■ **Task description**
Write out, without any change, the lines in the material below that run from the line with "Set of 20 vector" through the line with "If a chick wants", both included.
╭──
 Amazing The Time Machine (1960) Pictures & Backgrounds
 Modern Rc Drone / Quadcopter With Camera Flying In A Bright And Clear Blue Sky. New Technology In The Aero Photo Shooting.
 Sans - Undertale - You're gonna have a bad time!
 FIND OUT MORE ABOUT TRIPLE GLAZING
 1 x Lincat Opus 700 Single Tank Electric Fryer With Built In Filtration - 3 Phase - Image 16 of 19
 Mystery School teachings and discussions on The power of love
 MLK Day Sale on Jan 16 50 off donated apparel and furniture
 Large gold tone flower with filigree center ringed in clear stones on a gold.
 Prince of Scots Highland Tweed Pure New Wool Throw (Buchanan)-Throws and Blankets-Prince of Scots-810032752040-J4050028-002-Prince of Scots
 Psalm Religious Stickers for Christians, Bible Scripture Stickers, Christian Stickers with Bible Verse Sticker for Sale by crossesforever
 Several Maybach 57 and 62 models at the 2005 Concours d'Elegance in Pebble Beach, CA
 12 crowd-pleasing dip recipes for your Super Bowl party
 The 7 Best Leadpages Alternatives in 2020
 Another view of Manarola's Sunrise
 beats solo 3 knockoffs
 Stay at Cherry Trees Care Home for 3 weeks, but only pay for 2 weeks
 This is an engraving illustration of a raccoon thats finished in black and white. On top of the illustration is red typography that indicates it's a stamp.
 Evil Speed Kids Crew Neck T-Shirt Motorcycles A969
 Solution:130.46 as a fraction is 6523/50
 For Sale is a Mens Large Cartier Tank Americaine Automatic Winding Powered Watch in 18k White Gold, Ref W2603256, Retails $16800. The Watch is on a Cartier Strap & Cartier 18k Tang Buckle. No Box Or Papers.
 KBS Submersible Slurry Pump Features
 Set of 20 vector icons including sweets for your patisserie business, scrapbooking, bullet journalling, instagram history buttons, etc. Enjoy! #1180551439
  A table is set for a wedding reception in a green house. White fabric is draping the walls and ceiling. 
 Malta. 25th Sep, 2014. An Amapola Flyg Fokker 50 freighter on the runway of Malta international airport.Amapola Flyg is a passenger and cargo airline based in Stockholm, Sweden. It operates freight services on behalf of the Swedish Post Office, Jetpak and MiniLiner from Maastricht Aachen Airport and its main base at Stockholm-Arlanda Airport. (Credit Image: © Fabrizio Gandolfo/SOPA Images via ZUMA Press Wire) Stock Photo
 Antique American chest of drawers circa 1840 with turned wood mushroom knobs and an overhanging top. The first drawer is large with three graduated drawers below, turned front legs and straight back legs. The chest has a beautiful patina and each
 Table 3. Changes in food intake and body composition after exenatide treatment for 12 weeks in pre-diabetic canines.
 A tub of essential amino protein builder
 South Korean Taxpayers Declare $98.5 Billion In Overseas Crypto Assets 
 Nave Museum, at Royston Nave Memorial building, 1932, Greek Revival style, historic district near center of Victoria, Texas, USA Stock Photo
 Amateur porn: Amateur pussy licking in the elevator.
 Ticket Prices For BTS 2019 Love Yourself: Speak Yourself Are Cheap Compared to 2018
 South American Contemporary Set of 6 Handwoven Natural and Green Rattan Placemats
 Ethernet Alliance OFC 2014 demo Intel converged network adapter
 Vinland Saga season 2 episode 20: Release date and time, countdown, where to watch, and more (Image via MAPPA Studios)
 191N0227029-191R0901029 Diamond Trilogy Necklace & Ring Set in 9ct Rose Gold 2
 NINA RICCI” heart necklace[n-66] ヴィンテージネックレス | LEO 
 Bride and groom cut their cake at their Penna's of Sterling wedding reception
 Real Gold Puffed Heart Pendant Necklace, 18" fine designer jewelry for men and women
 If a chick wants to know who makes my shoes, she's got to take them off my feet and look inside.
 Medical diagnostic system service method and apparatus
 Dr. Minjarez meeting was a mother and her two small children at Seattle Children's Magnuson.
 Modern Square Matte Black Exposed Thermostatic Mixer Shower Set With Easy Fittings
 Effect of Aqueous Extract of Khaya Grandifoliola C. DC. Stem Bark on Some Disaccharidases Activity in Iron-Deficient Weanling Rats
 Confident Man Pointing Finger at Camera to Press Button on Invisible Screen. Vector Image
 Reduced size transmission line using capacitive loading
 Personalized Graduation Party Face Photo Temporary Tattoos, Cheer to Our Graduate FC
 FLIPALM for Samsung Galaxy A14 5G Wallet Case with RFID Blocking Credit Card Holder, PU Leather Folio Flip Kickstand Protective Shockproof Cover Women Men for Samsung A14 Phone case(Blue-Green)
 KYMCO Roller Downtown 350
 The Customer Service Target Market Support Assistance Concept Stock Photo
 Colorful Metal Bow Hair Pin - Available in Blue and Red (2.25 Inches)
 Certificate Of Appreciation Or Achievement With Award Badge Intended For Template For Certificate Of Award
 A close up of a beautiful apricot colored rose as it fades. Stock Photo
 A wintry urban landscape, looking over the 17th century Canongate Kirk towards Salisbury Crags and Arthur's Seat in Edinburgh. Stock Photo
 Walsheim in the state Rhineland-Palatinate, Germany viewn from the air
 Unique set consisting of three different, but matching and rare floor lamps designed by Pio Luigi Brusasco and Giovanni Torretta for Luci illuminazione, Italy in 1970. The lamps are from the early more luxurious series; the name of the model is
╰──
■ **Result of this task**
 Set of 20 vector icons including sweets for your patisserie business, scrapbooking, bullet journalling, instagram history buttons, etc. Enjoy! #1180551439
  A table is set for a wedding reception in a green house. White fabric is draping the walls and ceiling. 
 Malta. 25th Sep, 2014. An Amapola Flyg Fokker 50 freighter on the runway of Malta international airport.Amapola Flyg is a passenger and cargo airline based in Stockholm, Sweden. It operates freight services on behalf of the Swedish Post Office, Jetpak and MiniLiner from Maastricht Aachen Airport and its main base at Stockholm-Arlanda Airport. (Credit Image: © Fabrizio Gandolfo/SOPA Images via ZUMA Press Wire) Stock Photo
 Antique American chest of drawers circa 1840 with turned wood mushroom knobs and an overhanging top. The first drawer is large with three graduated drawers below, turned front legs and straight back legs. The chest has a beautiful patina and each
 Table 3. Changes in food intake and body composition after exenatide treatment for 12 weeks in pre-diabetic canines.
 A tub of essential amino protein builder
 South Korean Taxpayers Declare $98.5 Billion In Overseas Crypto Assets 
 Nave Museum, at Royston Nave Memorial building, 1932, Greek Revival style, historic district near center of Victoria, Texas, USA Stock Photo
 Amateur porn: Amateur pussy licking in the elevator.
 Ticket Prices For BTS 2019 Love Yourself: Speak Yourself Are Cheap Compared to 2018
 South American Contemporary Set of 6 Handwoven Natural and Green Rattan Placemats
 Ethernet Alliance OFC 2014 demo Intel converged network adapter
 Vinland Saga season 2 episode 20: Release date and time, countdown, where to watch, and more (Image via MAPPA Studios)
 191N0227029-191R0901029 Diamond Trilogy Necklace & Ring Set in 9ct Rose Gold 2
 NINA RICCI” heart necklace[n-66] ヴィンテージネックレス | LEO 
 Bride and groom cut their cake at their Penna's of Sterling wedding reception
 Real Gold Puffed Heart Pendant Necklace, 18" fine designer jewelry for men and women
 If a chick wants to know who makes my shoes, she's got to take them off my feet and look inside.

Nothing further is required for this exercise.